Rebekah Johnson has a really big secret, one she's pretty sure will end her new relationship with Scott. She'd like to tell him, but she anticipates his response would be to break up with her. Or report her to the police. Most likely both. Rebekah is a fledgling serial killer, and she's not ready to put killing aside. What's a young serial killer to do? Can she give up killing to save her relationship?
I have to admit that I messed up. I actually read the second book in this story first, but that’s another review.
Instrument of Evil is about a female serial killer as she grows up, and the events that led her to kill. During college, she has to write a thesis for phycology, and decides to write two separate ones. One thesis is about children, and their habits of lying, and the other about psychopaths, which Rebekah has self-diagnosed herself as.
FROM THE BOOK:
I was forced to accept the idea that I was a psychopathic person, a person who would lie, cheat, steal, and hurt others, for the fun of it.
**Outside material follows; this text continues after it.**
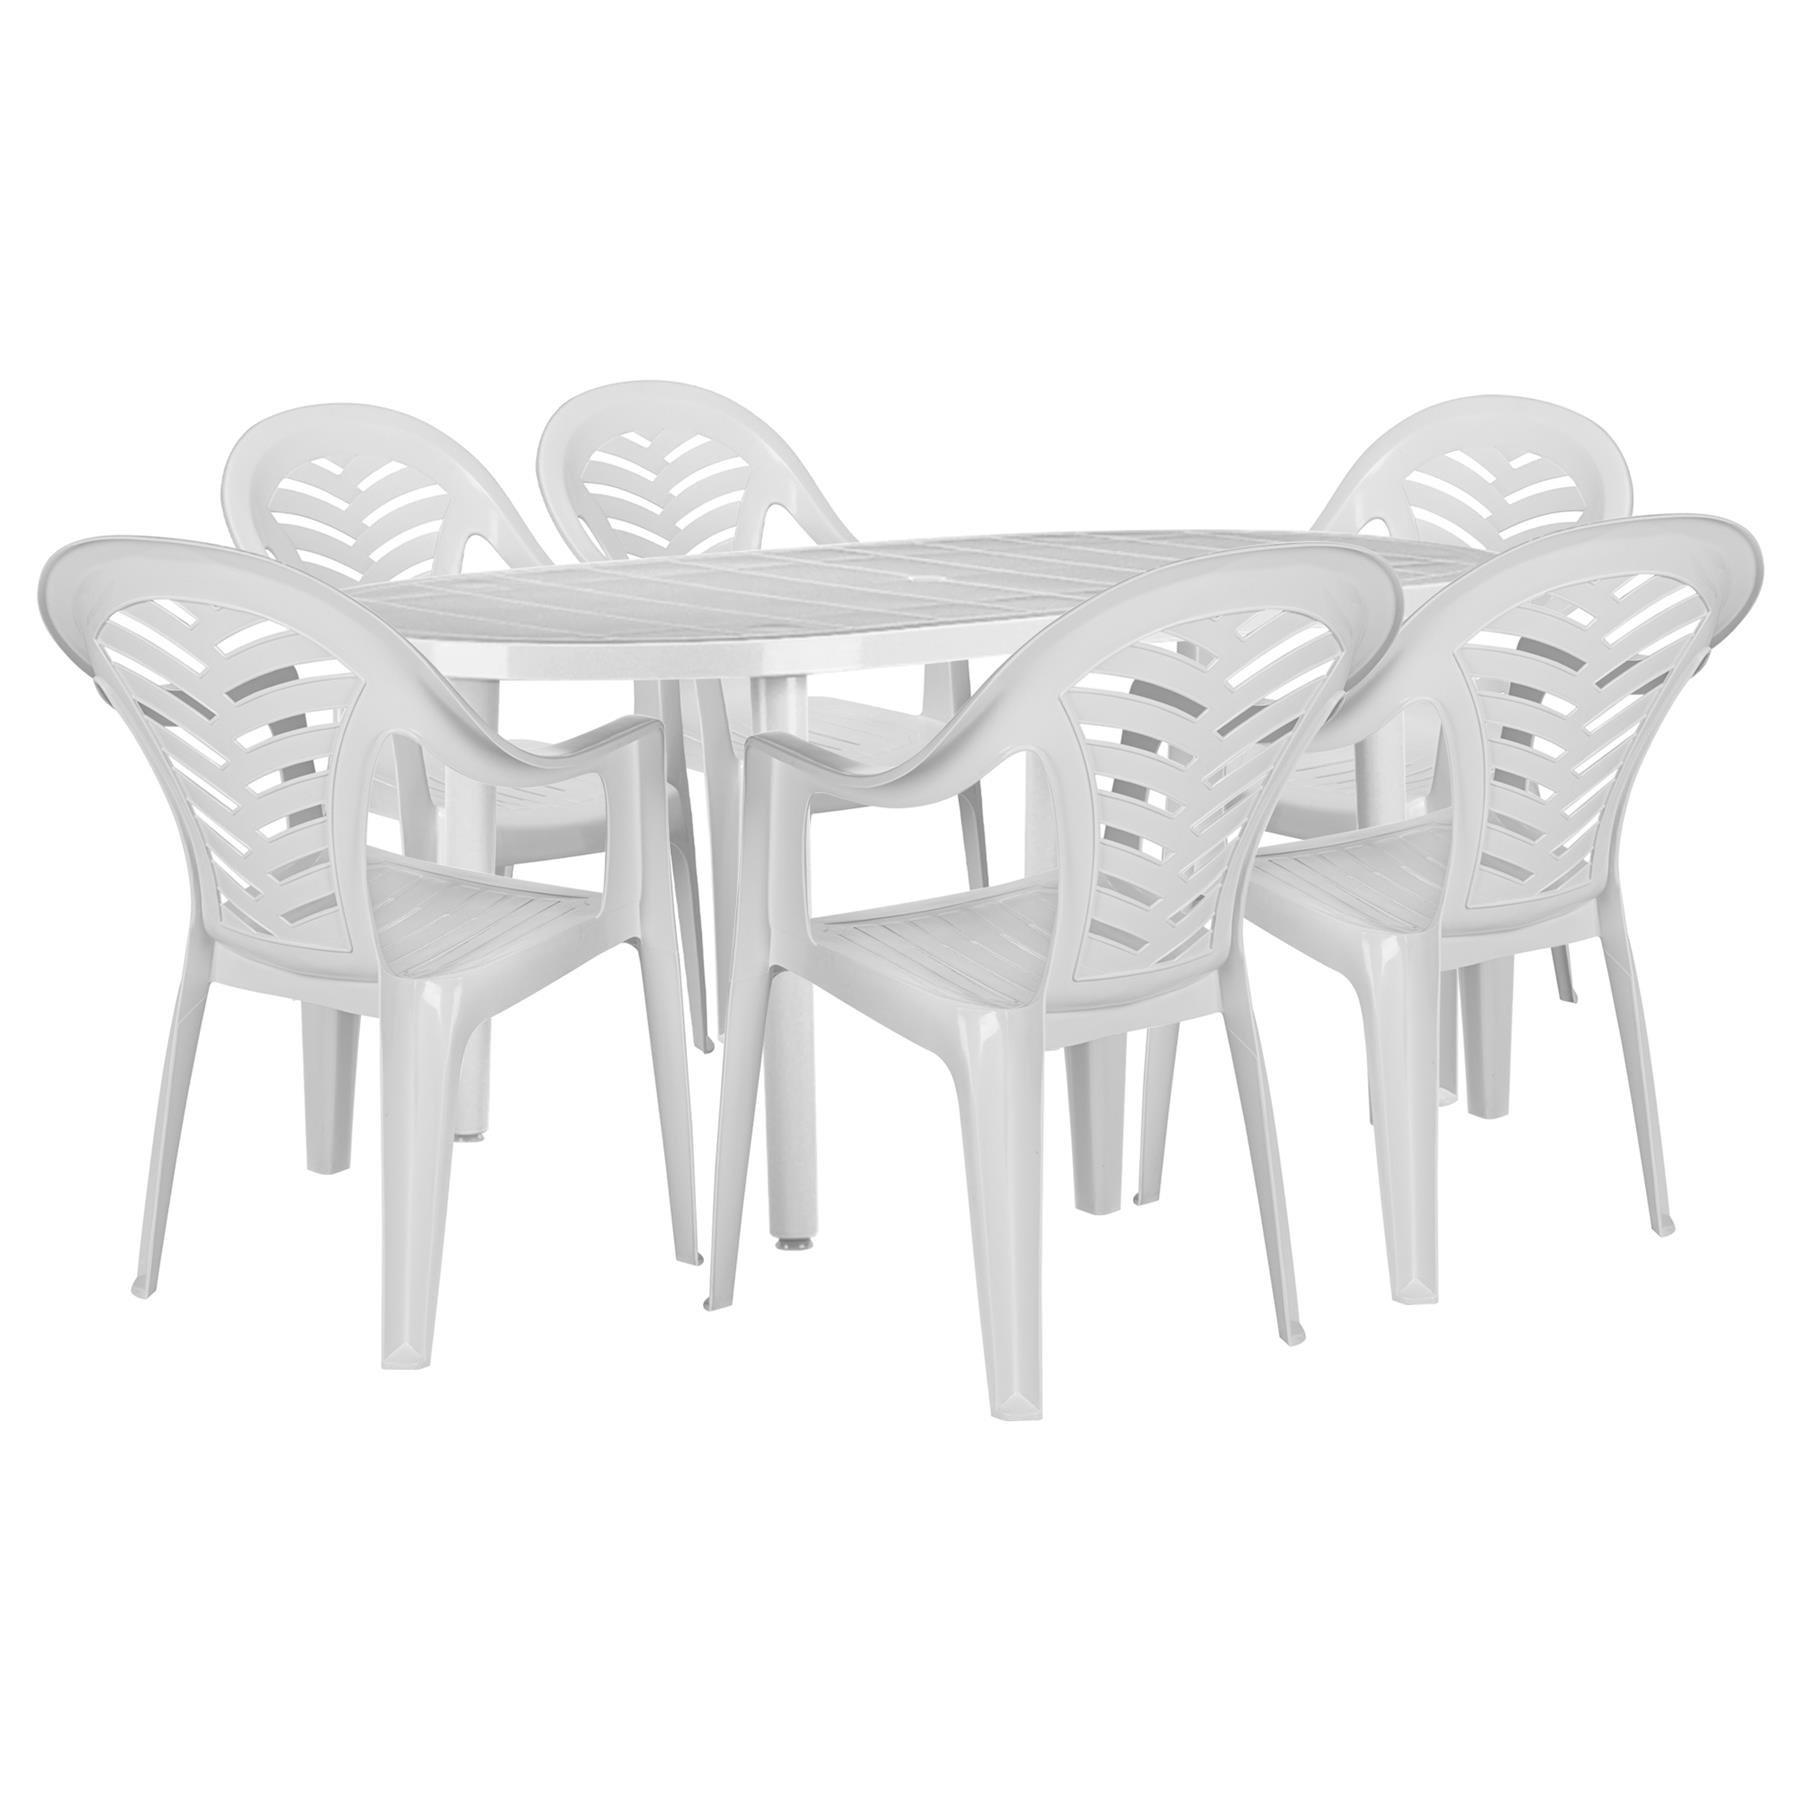 6 Seater Brava Oval Plastic Garden Dining Set 90cm x 180cm White

The first third of the book was spent solely on backstory, which seemed to serve no real purpose other than to prove that she was brought up in a somewhat normal household. Rebekah’s character rubbed off on me as a spoiled, intelligent, brat, who only did things for attention. There were long descriptions of family vacations and shopping trips, but they didn’t really show us anything other than descriptions.
There was nothing fantastic about the first half of the book to me, and I had trouble really getting into the story, as it was just normal life of a girl growing up. She gets into trouble like most teens, and the only thing remotely disturbing is that fact that she lied and help convict an innocent man of rape.
The story is told from first person perspective, and could have easily showed us insight into the mind of a killer, or given us opinions of what a serial killer thought of the events around her, but there were only a few sarcastic monologues that reminded me of the disgruntled teen that she is.
Personally, when I read a description about a book that includes a serial killer, I expect murder to be a huge premise of the story. We don’t really start to tread on the subject of murder until we are almost halfway through the book.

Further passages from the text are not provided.